880 total runs: 4 adapters × 8 scenarios × 5 runs × 3 models, each scored by an LLM judge. See docs/benchmarks.md for methodology, per-cell reasoning, and limitations.

Legend:

  • Task success = fraction of 5 runs where the LLM judge scored the final answer correct. (A cheap substring metric is also recorded; it agrees with the judge on every cell except one infrastructure anomaly, so we report only the judge value here.)
  • Tool-fail / run = average number of tool-call executions per run that raised an exception — ReAct recovered, but each one is a wasted turn. Shown in a separate sparse table; only non-zero cells included.
  • ⚠ marks cells where every run had a parse failure (adapter couldn't extract output fields from the LM response).

qwen3.5-35b-a3b

Task success

scenario chat json xml qwen
s1 100% 100% 100% 100%
s3 100% 100% 0% 100%
s10 100% 100% 100% 100%
s_sql 100% 100% 100% 100%
s_code 100% 100% 100% 100%
s_echo 100% 100% 100% 100%
s_deep 100% 100% 80% 100%
s_i18n 0% 40% 0% 80%

Tool-fail / run

scenario chat json xml qwen
s1 0.00 0.00 0.00 0.00
s3 0.00 0.00 0.00 0.00
s10 0.00 0.80 0.40 0.00
s_sql 0.00 0.00 0.00 0.00
s_code 0.00 0.00 0.00 0.00
s_echo 0.00 0.40 0.20 0.00
s_deep 0.60 0.20 2.20 0.00
s_i18n 0.00 0.00 0.00 0.00

qwen3.5-4b

Task success

scenario chat json xml qwen
s1 100% 100% 100% 100%
s3 100% 100% 100% 100%
s10 100% 100% 100% 100%
s_sql 100% 100% 100% 100%
s_code 100% 100% 0% 100%
s_echo 100% 80% 100% 100%
s_deep 100% 100% 100% 100%
s_i18n 100% 0% 0% 0%

Tool-fail / run

scenario chat json xml qwen
s1 1.00 0.00 0.00 0.00
s3 0.00 0.00 0.00 0.00
s10 0.00 0.00 0.00 0.00
s_sql 0.00 0.00 0.00 0.00
s_code 0.00 0.00 0.00 0.00
s_echo 0.00 0.00 0.00 0.00
s_deep 1.00 0.00 0.00 0.00
s_i18n 0.00 0.00 0.00 0.00

qwen3-4b (out-of-distribution — Hermes-format model)

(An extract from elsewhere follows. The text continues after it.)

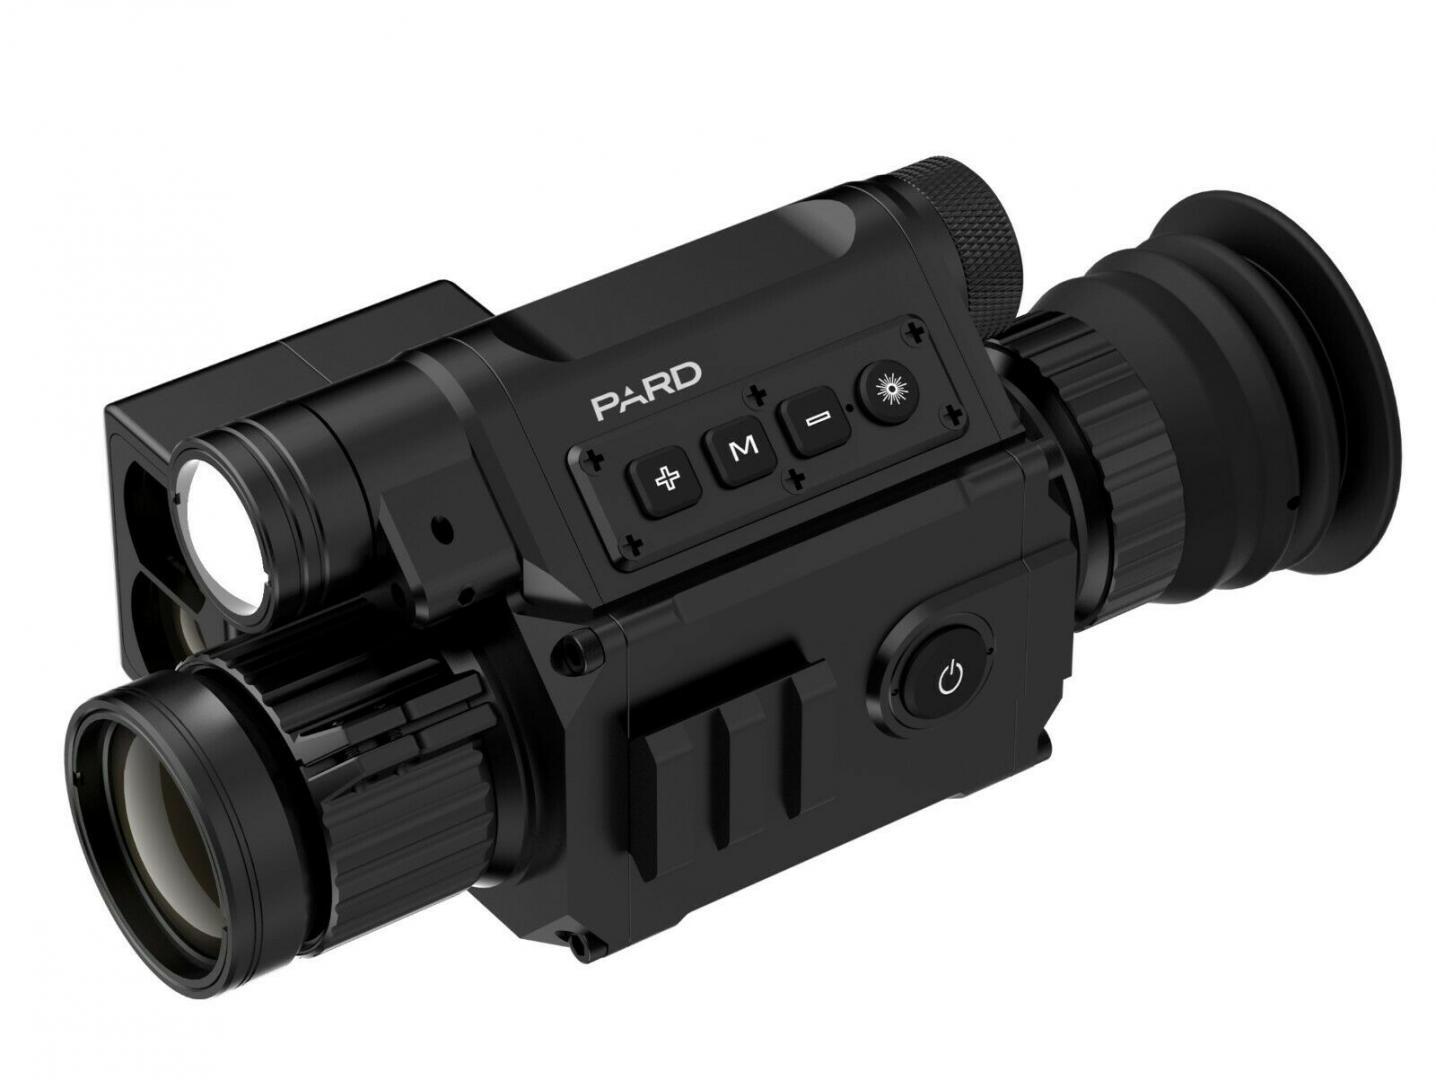 Pard Nv008 Lrf Night Vision Scope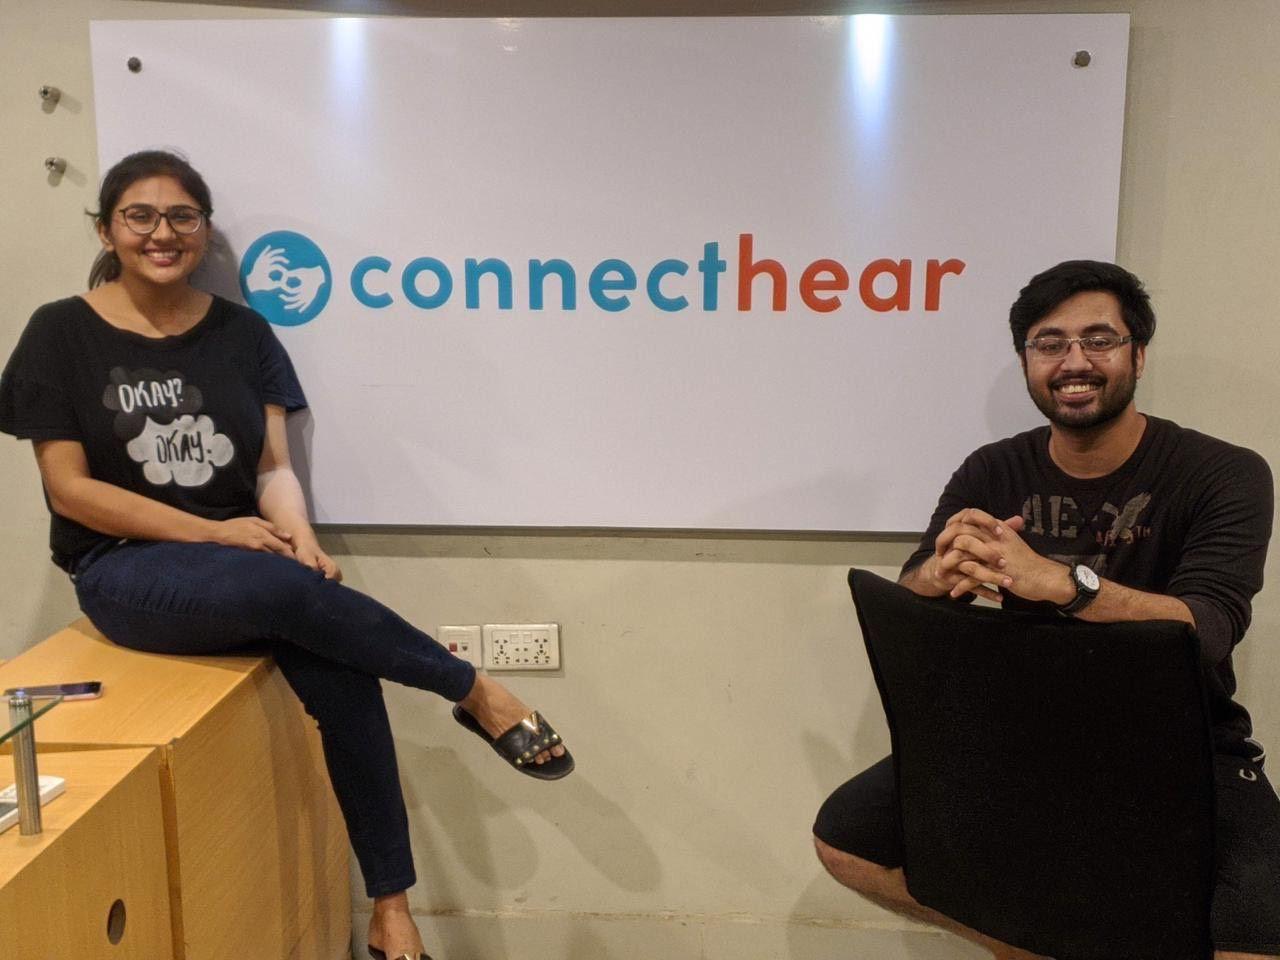 connecthear

Qwen 3 was trained on Hermes-style tool calls, not the XML format this adapter prompts for. The benchmark tests whether in-context compliance bridges the distribution gap.

Task success

scenario chat json xml qwen
s1 100% 100% 100% 100%
s3 100% 100% 100% 100%
s10 100% 100% 100% 100%
s_sql 100% 100% 100% 100%
s_code 100% 100% 100% 100%
s_echo 0% 0% 0% 0%
s_deep 100% 100% 100% 100%
s_i18n 0% 0% 0% 0%

Tool-fail / run

scenario chat json xml qwen
s1 0.00 0.00 0.00 0.00
s3 0.00 2.00 0.00 0.00
s10 0.00 0.00 0.00 0.00
s_sql 0.00 1.00 0.00 0.00
s_code 1.00 1.00 2.00 0.00
s_echo 0.00 0.00 0.00 0.00
s_deep 0.00 0.00 0.00 0.00
s_i18n 0.00 0.00 0.00 0.00

(s_echo and s_i18n failures across all adapters on 4B-class models are weak-model + mock-tool artifacts — the model hallucinates lengths or paraphrases narrative prefixes regardless of adapter. Not a production tool-calling regression. See docs/benchmarks.md.)

Headline findings

  • 0 parse failures across all 600 qwen-adapter runs on all three models. XMLAdapter by comparison failed every s3 run on 35B and every s_code run on 4B.
  • 0.00 tool-fail / run on every scenario on every model. The closest alternatives spike to 0.20 – 2.20 on multi-step and structured-arg scenarios. Same or better task success, fewer wasted turns.
  • Only adapter that reliably handles multilingual / delimiter-leaking tool output on 35B. s_i18n: qwen 80% vs chat 0%, json 40%, xml 0%.
  • Rescues reasoning_content turns that silently break stock adapters on thinking-mode models. json lost a run on s_echo 4B this way; qwen caught it via the fallback.
  • Works on Qwen 3 despite the training-distribution mismatch. The XML exemplar in our prompt is strong enough that Qwen 3 (trained on Hermes) follows it anyway, and qwen still posts the best tool-fail numbers across all scenarios.

Install

From PyPI (once published):

pip install dspy-qwen-adapter

From source (editable):

git clone https://github.com/<user>/dspy-qwen-adapter
cd dspy-qwen-adapter
pip install -e .

Quickstart

import dspy
from dspy_qwen_adapter import QwenAdapter

dspy.configure(
    lm=dspy.LM(
        "openai/qwen/qwen3.5-35b-a3b",
        api_base="http://127.0.0.1:1234/v1",
        api_key="lm-studio",
        temperature=1.0,
        max_tokens=8192,
    ),
    adapter=QwenAdapter(),
)

def get_weather(city: str) -> str:
    """Get the current weather in a city."""
    return f"sunny, 72F in {city}"

react = dspy.ReAct("question -> answer", tools=[get_weather])
print(react(question="What's the weather in Tokyo?").answer)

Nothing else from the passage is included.